Each node corresponds to a specific state of information.
Branches represent possible future realizations of uncertainty.
Each path from the root to a leaf defines a complete scenario.

A key modeling principle is non-anticipativity:

Decisions at stage $t$ can only depend on information revealed up to time $t$, and cannot use future information.

Therefore, future decisions are modeled as functions of the observed uncertainty history:

$$x_t = x_t(\xi_1,\dots,\xi_t)$$

This means that each node of the scenario tree may have its own decision variable, but only based on currently available information.

Mathematical Formulation

A generic multistage stochastic program can be written as

$$\min \mathbb{E}\left[\sum_{t=0}^{T} c_t(x_t,\xi_t)\right]$$

subject to $x_t \in X_t(x_{t-1},\xi_t)$

where:

$x_t$ denotes the decision at stage $t$,
$\xi_t$ represents the uncertainty observed at stage $t$,
$c_t(x_t,\xi_t)$ is the stage cost,
$X_t(x_{t-1},\xi_t)$ defines the feasible region,
and non-anticipativity constraints enforce information consistency.

Computational Challenge

The main difficulty in MSP is the exponential growth of the scenario tree.

For example, with:

10 stages, and
3 branches per stage,

the total number of scenarios becomes

$$3^{10} = 59,\!049$$

This phenomenon is another manifestation of the curse of dimensionality, making multistage stochastic optimization computationally demanding.

Stochastic Dynamic Programming (SDP)

Stochastic Dynamic Programming (SDP) is a methodology for solving sequential decision-making problems under uncertainty.

Its goal is to determine an optimal decision policy when:

decisions are taken over multiple stages,
the system evolves randomly over time,
and current actions influence both immediate costs and future system evolution.

SDP combines optimization theory, stochastic processes, and dynamic programming.

Main Components of an SDP Model

State Space. The state $s_t \in \mathcal{S}$ contains all information necessary to make decisions at $t$.
Action Space. At each state, a feasible action can be selected: $a_t \in \mathcal{A}(s_t)$.
Transition Dynamics. The system evolves probabilistically: $P[s' \mid s, a]$ is the probability of reaching state $s'$ after taking action $a$ in state $s$.
Cost or Reward Function. Each decision generates an immediate cost (or reward) $c(s, a)$.
Time Horizon. The optimization horizon may be finite ($t = 1, \ldots, T$), infinite discounted, or infinite average-cost.
Decision Policy. A policy $\pi : \mathcal{S} \to \mathcal{A}$ specifies which action to take in every possible state. The objective is to compute an optimal policy $\pi^*$ minimizing the expected long-term cost.

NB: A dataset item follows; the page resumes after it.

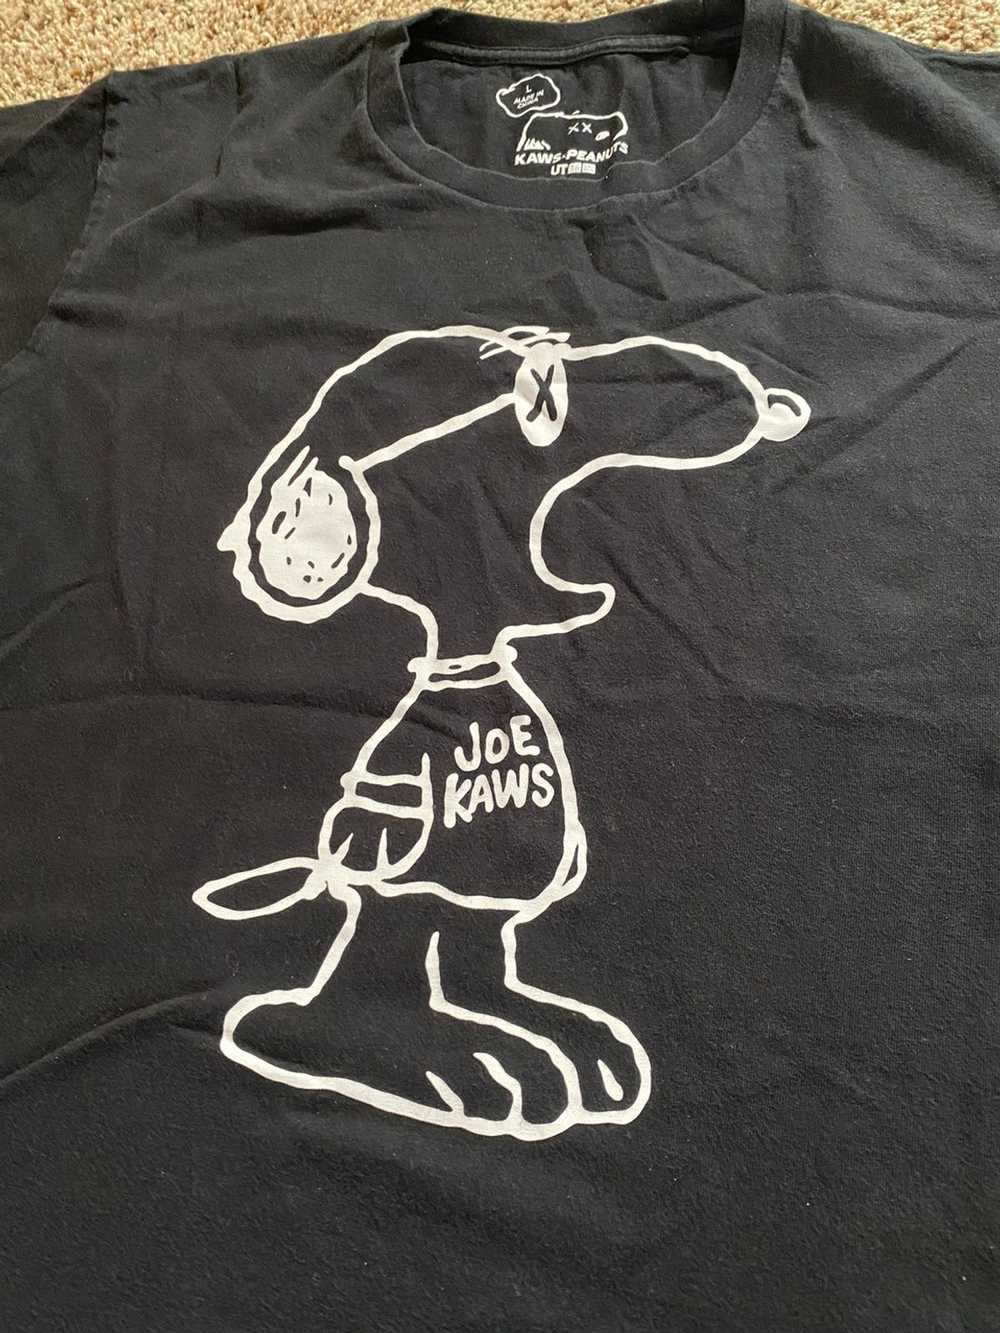 Uniqlo Kaws X Peanuts X Uniqlo Snoopy T-Shirt - image 2

Example: Optimal Stock Selling

An investor holds one unit of a risky asset purchased at price $p_0$ and must decide, at each of $T$ trading days, whether to sell or to wait. The objective is to maximize the expected net gain at the moment of sale.²

State space. The state at time $t$ is the pair

$$s_t = (p_t,\; T - t) \in \mathbb{R}_{+} \times \{0, 1, \ldots, T\},$$ where $p_t$ denotes the current price and $T - t$ the number of days remaining. This pair contains all information needed for future decisions, the history of past prices is irrelevant (Markov property).

Action space. At each state the investor chooses one of two feasible actions:

$$a_t \in \mathcal{A}(s_t) = \{\texttt{sell},\; \texttt{wait}\}.$$

The action $\texttt{sell}$ is absorbing: once executed, the problem terminates. At $t = T$ only $\texttt{sell}$ is feasible.

Transition dynamics. If the investor waits, the price evolves according to a geometric random walk:

$$p_{t+1} = p_t \exp(\mu + \sigma\,\varepsilon_t), \qquad \varepsilon_t \overset{\text{i.i.d.}}{\sim} \mathcal{N}(0,1),$$

where $\mu \in \mathbb{R}$ and $\sigma > 0$ are known parameters.

Selling terminates the process, so no transition occurs. The transition kernel is therefore

$$P(s' \mid s_t, \texttt{wait}) = P\!\left(p_{t+1} ,\; T{-}t{-}1 \mid p_t,\; T{-}t\right),$$ fully determined by the log-normal distribution above.

Cost/reward function. The reward is realised only upon selling:

$$c(s_t, a_t) = \begin{cases} p_t - p_0 & \text{if } a_t = \texttt{sell}, \\ 0 & \text{if } a_t = \texttt{wait}.\end{cases}$$

Time horizon. The horizon is finite and deterministic $t = 0, 1, \ldots, T$, with a forced sale at $t = T$.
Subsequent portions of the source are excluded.